May 26, 2026

DeploySignal: a statistical deploy gate, and the methodology that fell out of building one

The standard deploy-gate question is also the hardest one in production AI inference: given a deploy and live telemetry, should we proceed, extend, or rollback?

The tools that answer it today — Spinnaker Kayenta, Argo Rollouts, Flagger, Harness Continuous Verification — operate by comparing summary statistics between a canary population and a stable one. They work. They fail in a specific way on AI-inference workloads: regressions in this domain are often multi-modal and slow-developing. A refusal rate creeps up by 6%. A tool-call success rate dips on one cohort. Latency tails widen without the median moving. Each signal stays within its own threshold; the joint pattern is what’s broken. By the time the dashboard alerts fire, the regression has shipped at scale and the rollback is expensive.

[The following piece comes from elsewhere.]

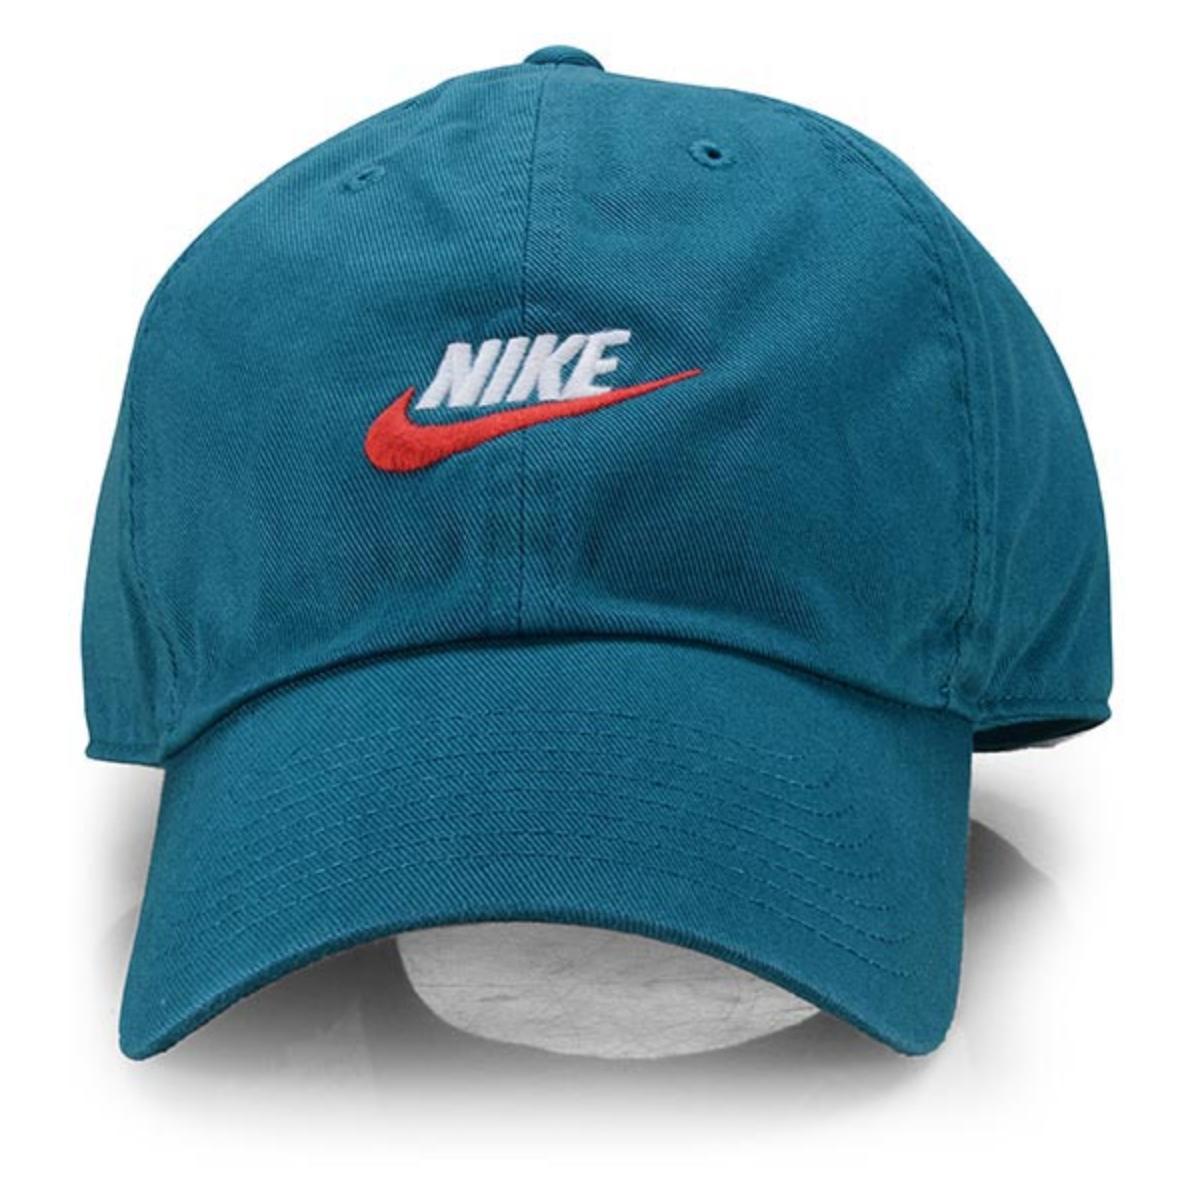 Boné Unisex Nike 913011-381 Sportwear H86 Verde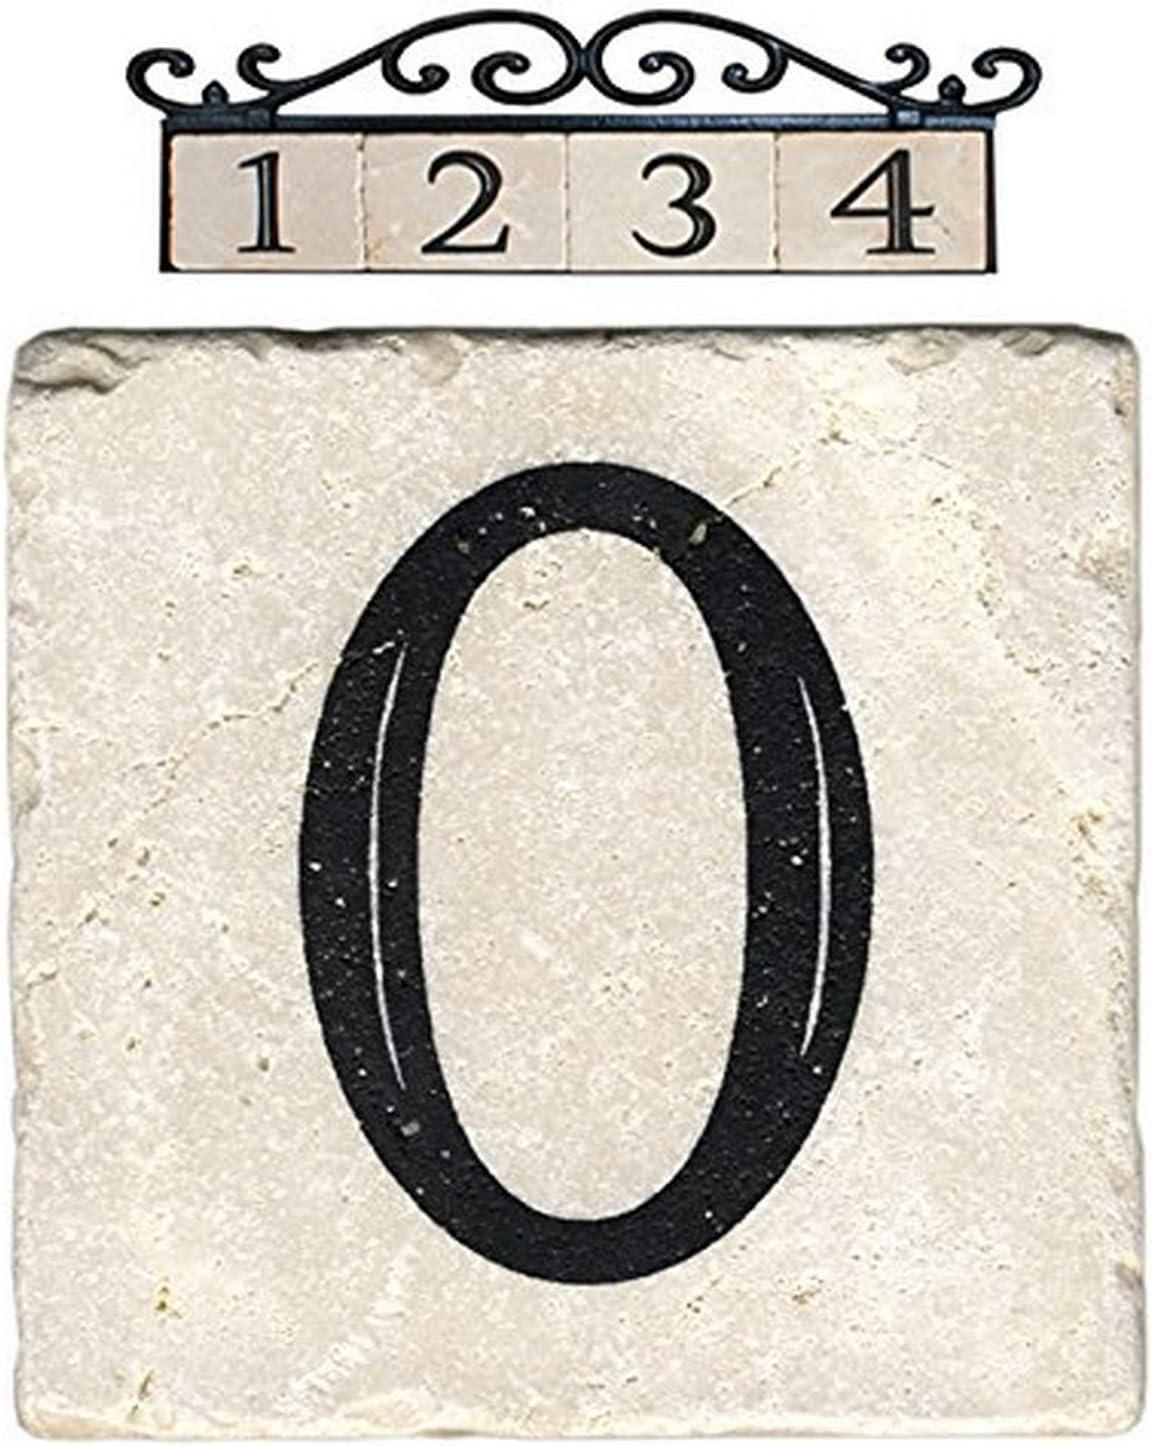 NACH AZ-CLASSIC House Address Number Tiles - #0, Marble/Beige, 4 x 4

DeploySignal answers a narrower version of the same question with statistical rigor: given a stream of multi-signal telemetry from a deploy and its baseline, with formal anytime-valid guarantees on the false-positive rate, fire a verdict. Five detector families run in parallel; each contributes evidence at a different mathematical layer; portfolio fusion produces the decision.

This post is about what DeploySignal is technically, and about what four weeks of building it as a five-role multi-agent project produced as a side effect: the methodology I later published as Anchor, and the engine substrate that Tessera is now built on top of.

The technical core

The deploy-gate problem

A deploy goes out. The dashboard shows green on all the obvious aggregates: p50 latency, error rate, success rate. Over the next several hours, the long-tail behavior degrades — refusal rate climbs gradually, tool-call coherence weakens on a specific tenant tier, a periodic oscillation appears in cache pressure that wasn’t there before. None of these signals exceed their own thresholds. The compound pattern is the regression.

The single-statistic deploy gate is structurally incapable of catching this. It compares one summary to another, computes a p-value or t-statistic, and decides. The class of failure where each signal looks fine in isolation but the joint distribution has shifted is exactly the failure mode that summary-statistic gates miss — by construction.

The narrower question DeploySignal answers: given a continuous telemetry stream and a healthy-baseline reference, can we fire a verdict that holds up under formal anytime-valid guarantees, while catching multi-modal slow-developing regressions that summary-statistic gates miss?

Anytime-valid α and why it matters

Most deploy-gate tools have a fixed α threshold (typically 0.05) and an implicit “check at the end of the canary window” semantics. If you peek mid-window — and operators always peek mid-window — you inflate the false-positive rate. If you don’t peek, you can’t adapt the canary duration based on what the signal is doing.

DeploySignal’s detectors are anytime-valid. The wealth statistic for each family is a supermartingale under the null hypothesis (deploy is healthy). By Ville’s inequality, the probability that the statistic ever crosses a Ville bound during the entire monitoring window is at most α. Operators can read the wealth statistic at every tick without consuming additional α from the budget. The bound holds regardless of stopping rule.

Concretely: an α budget is allocated per family at compile time. Family A gets 40%, Family C gets 20%, Families D and E get 10% each. Family B is rule-based and consumes no α. The total stays within the global budget. Every tick, the audit record tracks α consumption per family.

This is the difference between “you can look once, at the end” and “you can look continuously, and the worst case is bounded.” Operationally, the second is what operators actually want — they want to extend the canary window when the wealth statistic is drifting suggestively but hasn’t crossed, and short-circuit when it has. Anytime-valid is the math that lets you do that without lying about your false-positive rate.

The five detector families

The portfolio is five families running in parallel every tick. Each family contributes evidence under a different statistical model. Any one firing triggers rollback. When multiple families fire on the same event, you get multi-family corroboration — independent statistical tests agreeing.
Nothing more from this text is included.